Segment Start: Provided data

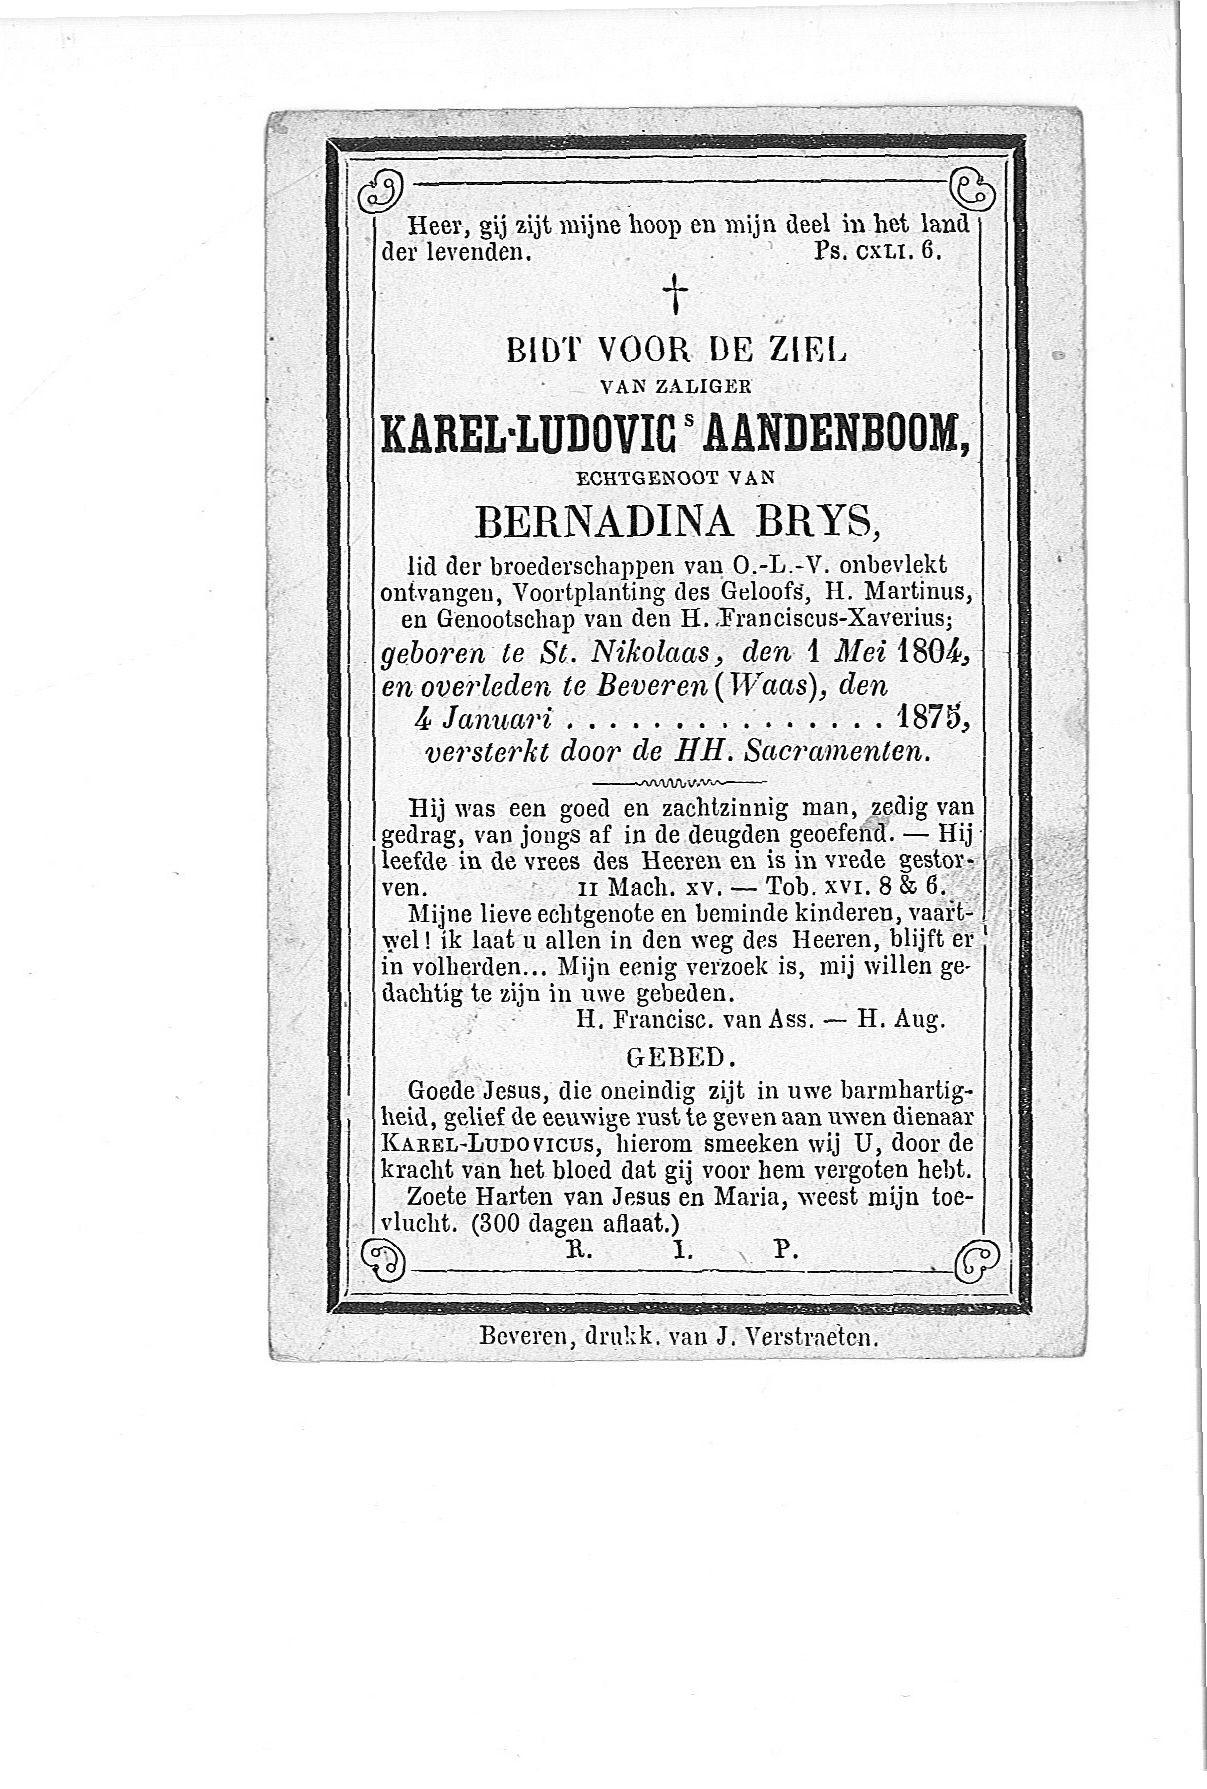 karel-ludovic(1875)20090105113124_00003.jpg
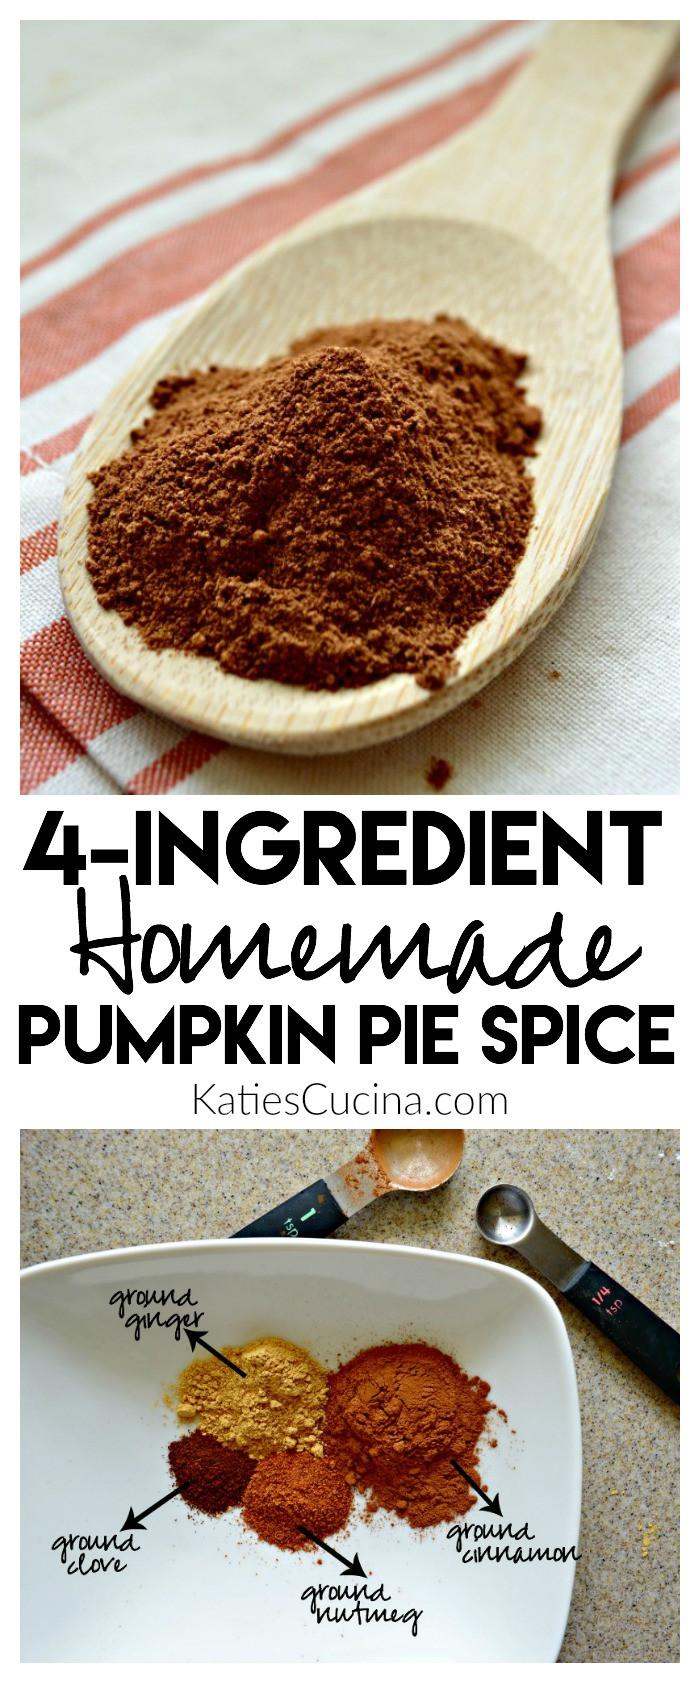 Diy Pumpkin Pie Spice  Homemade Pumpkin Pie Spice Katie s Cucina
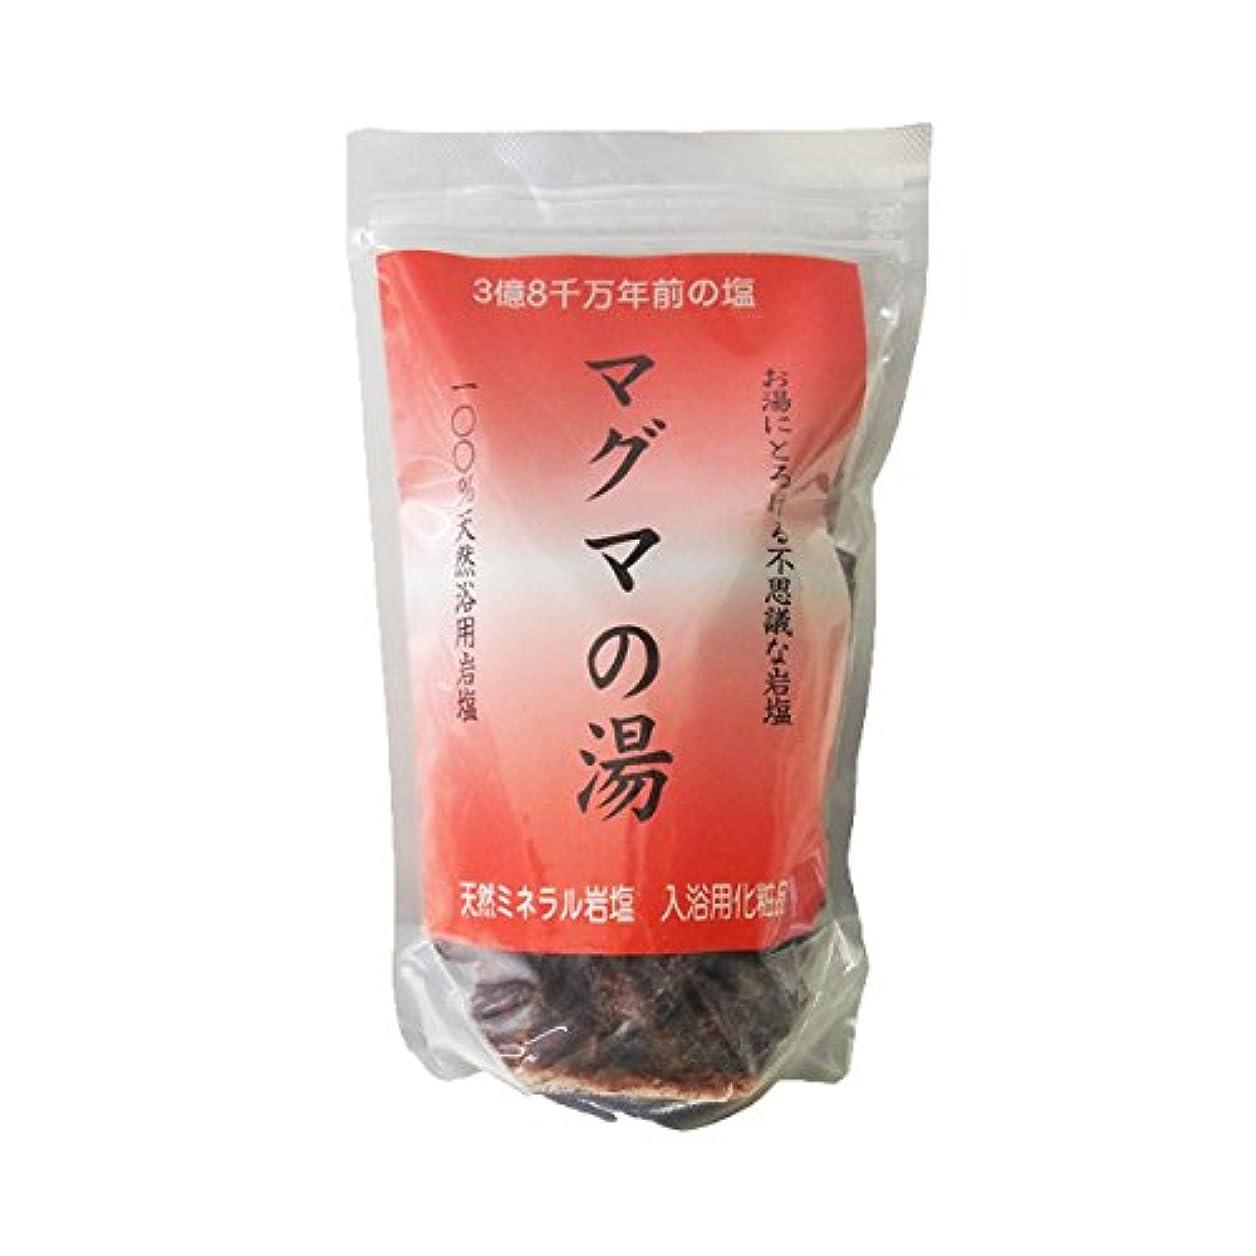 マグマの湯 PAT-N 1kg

Segment End: Provided data

- [Work task]
Without the pictures, return the whole of the data exactly as given.

- [Answer section]
 karel-ludovic(1875)20090105113124_00003.jpg
 Diy Pumpkin Pie Spice  Homemade Pumpkin Pie Spice Katie s Cucina
 マグマの湯 PAT-N 1kg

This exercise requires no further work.